RECORDED INFORMATION

● ● ● ●

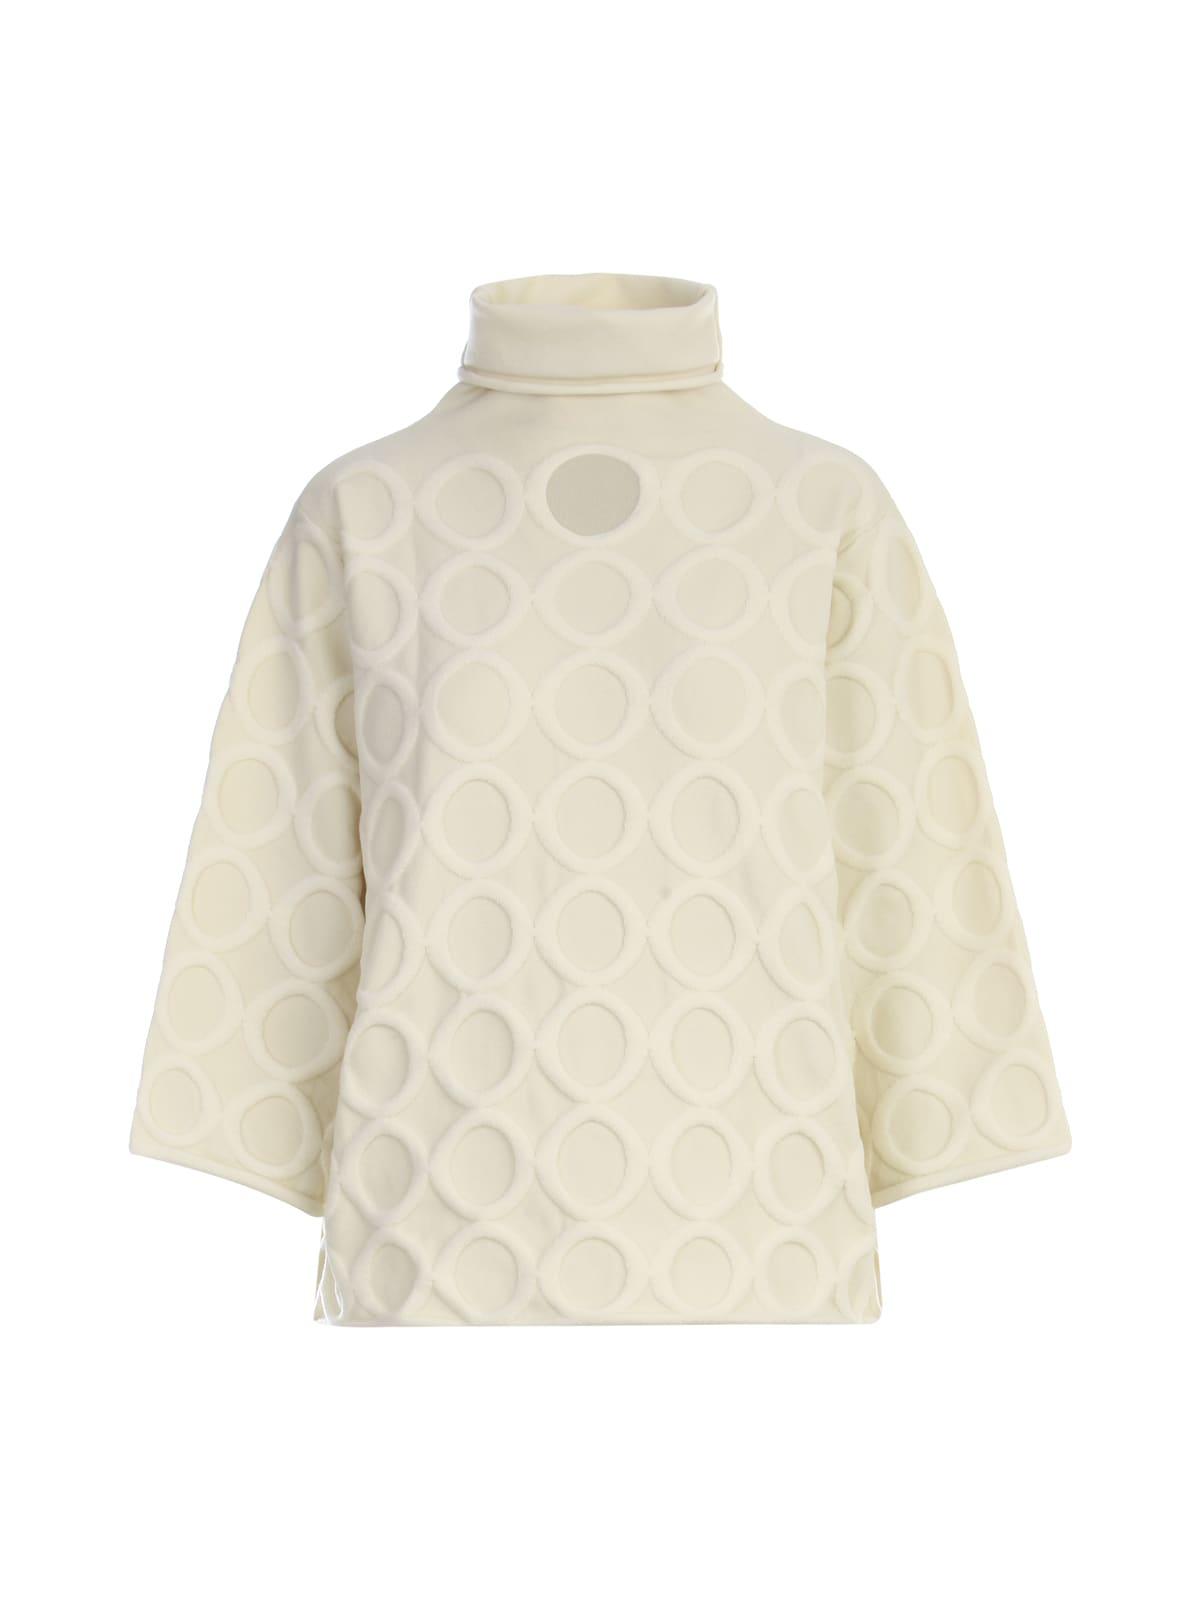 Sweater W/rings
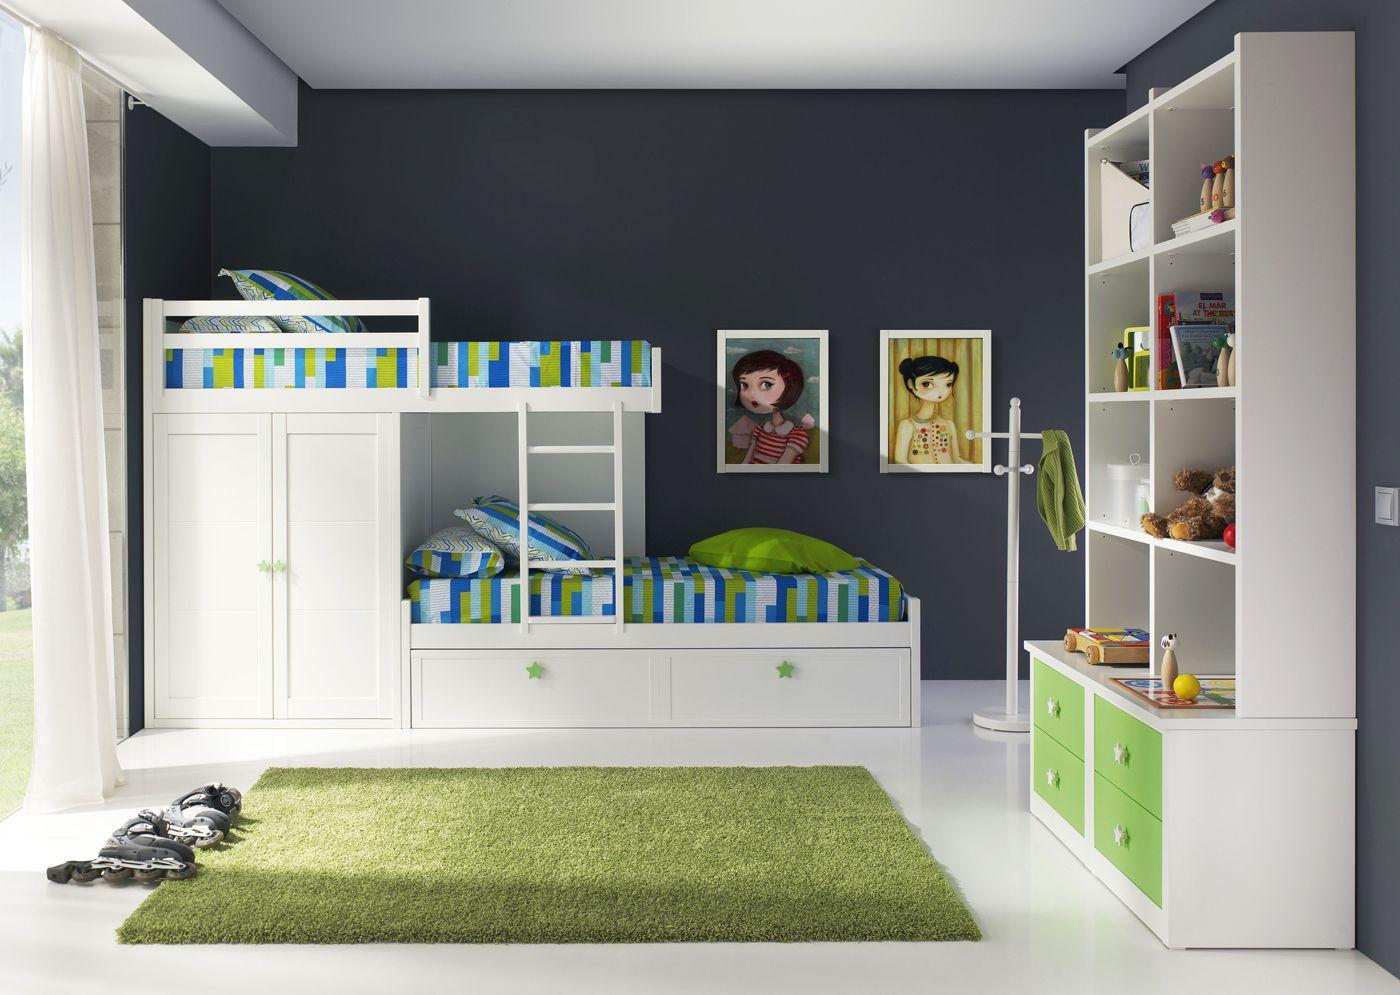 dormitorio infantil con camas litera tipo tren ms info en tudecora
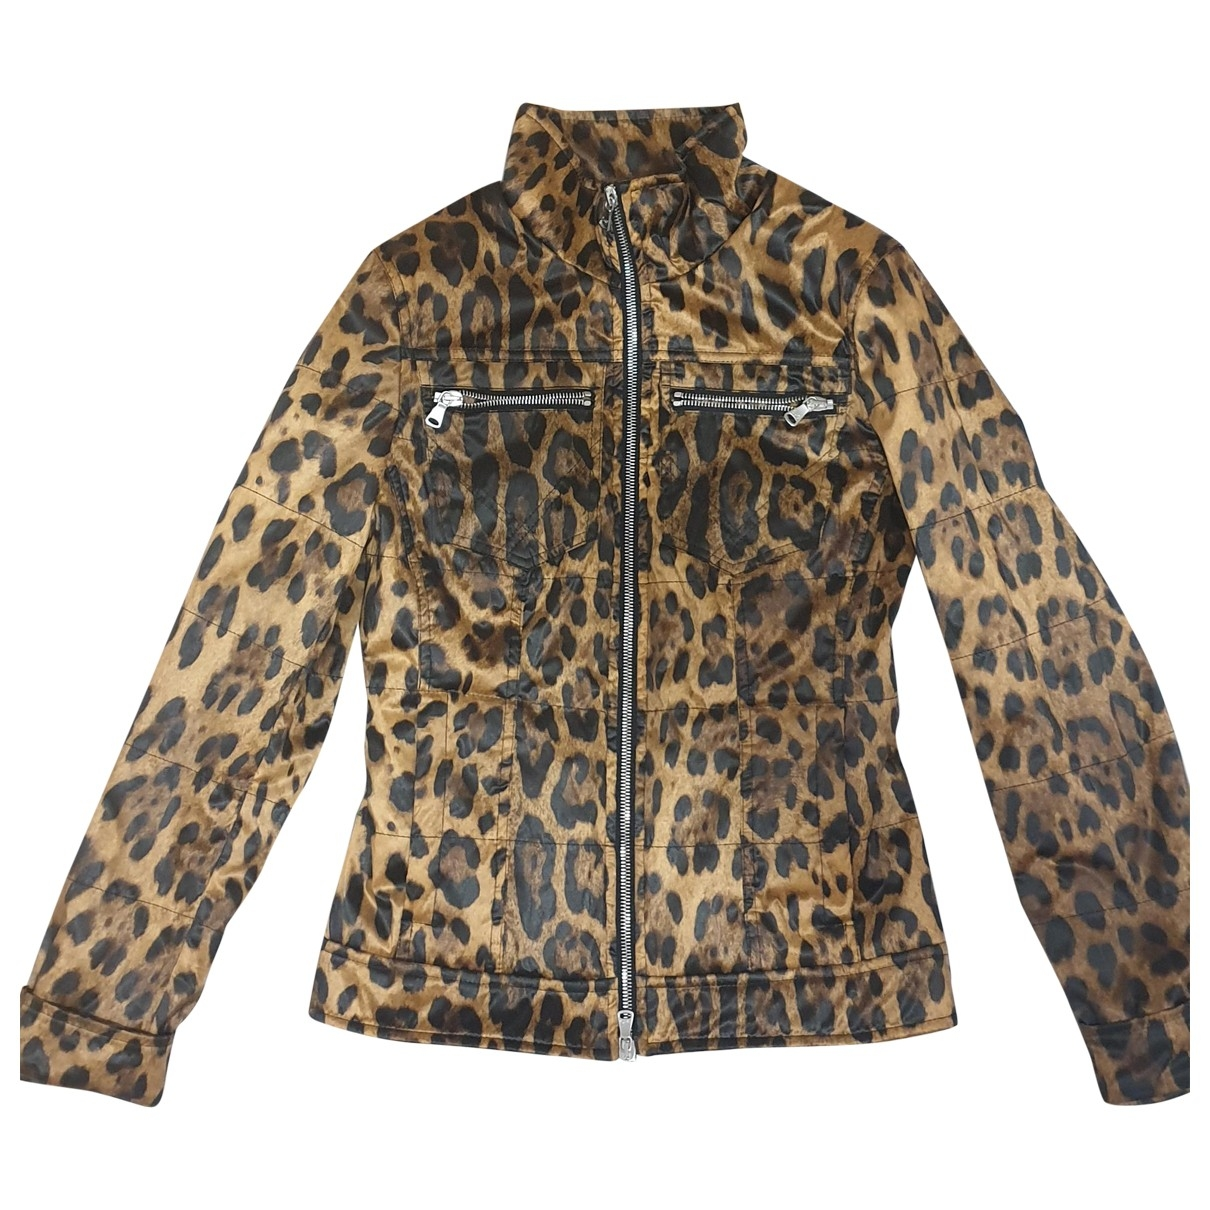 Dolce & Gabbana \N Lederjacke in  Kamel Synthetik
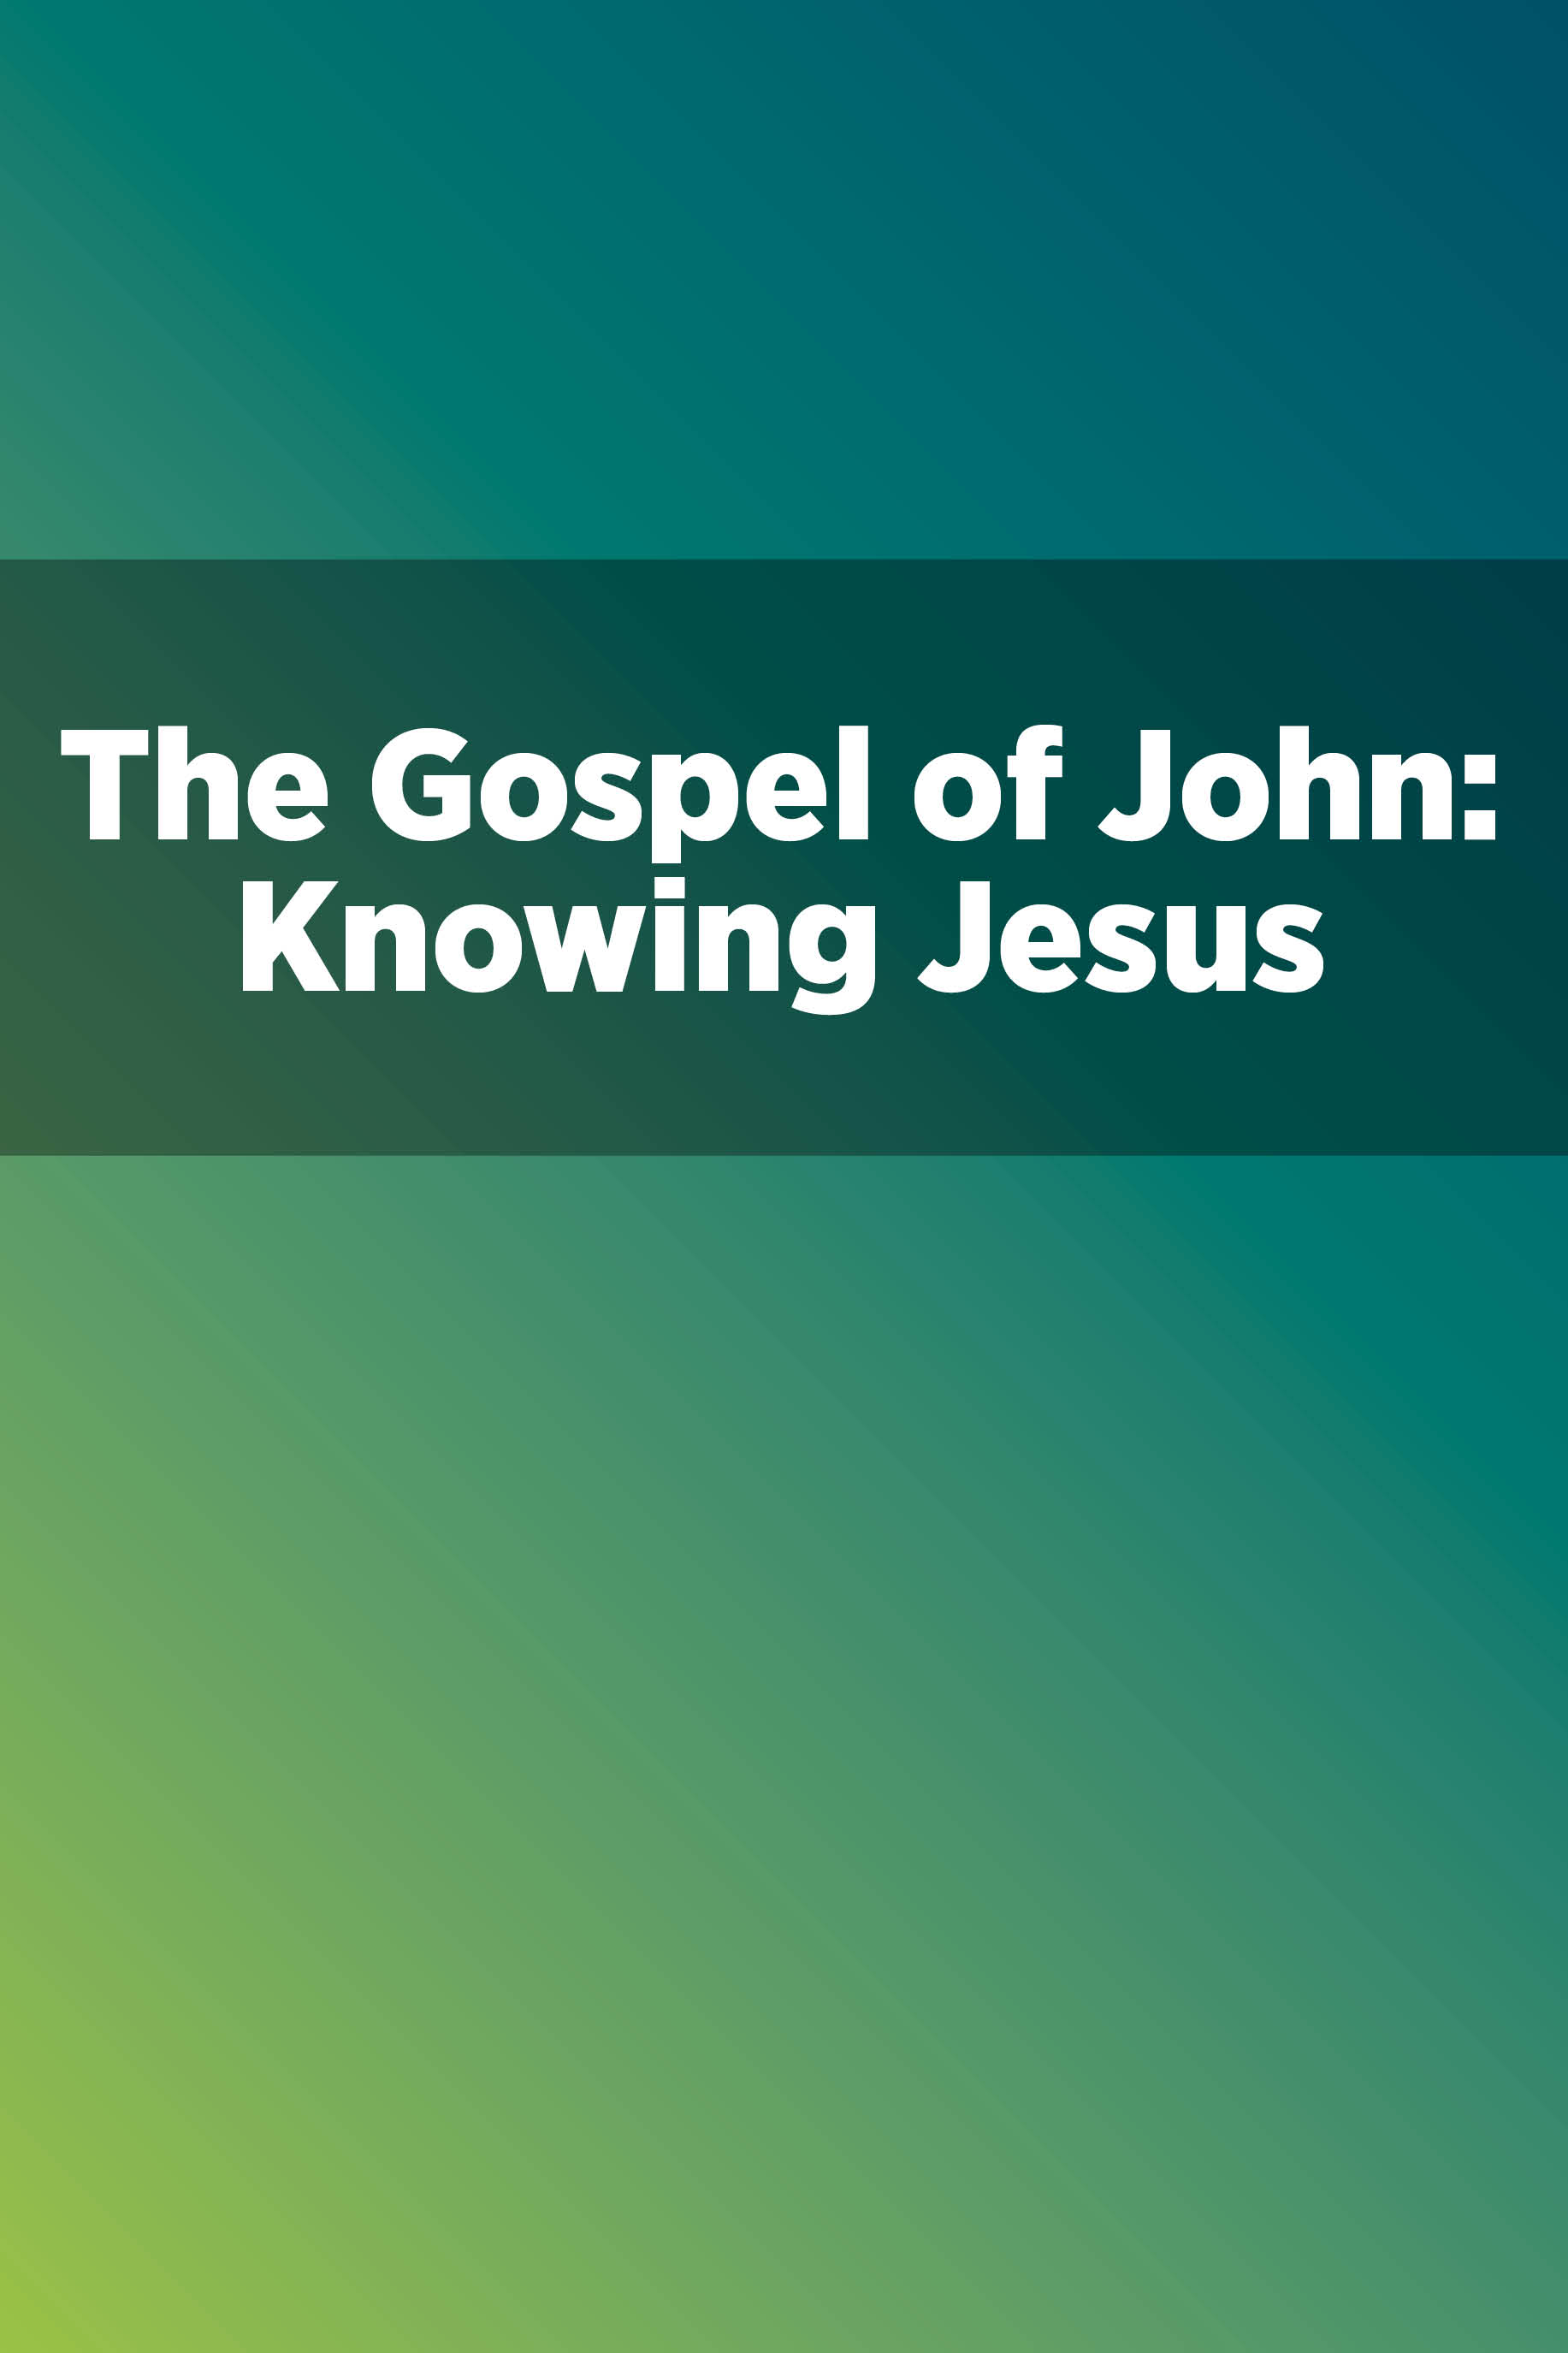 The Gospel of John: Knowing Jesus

● ● ● ●

TASK
The answer is the listing above restated word for word, pictures removed.

WRITTEN ANSWER
 Sweater W/rings
 dormitorio infantil con camas litera tipo tren ms info en tudecora
 Dolce & Gabbana \N Lederjacke in  Kamel Synthetik
 The Gospel of John: Knowing Jesus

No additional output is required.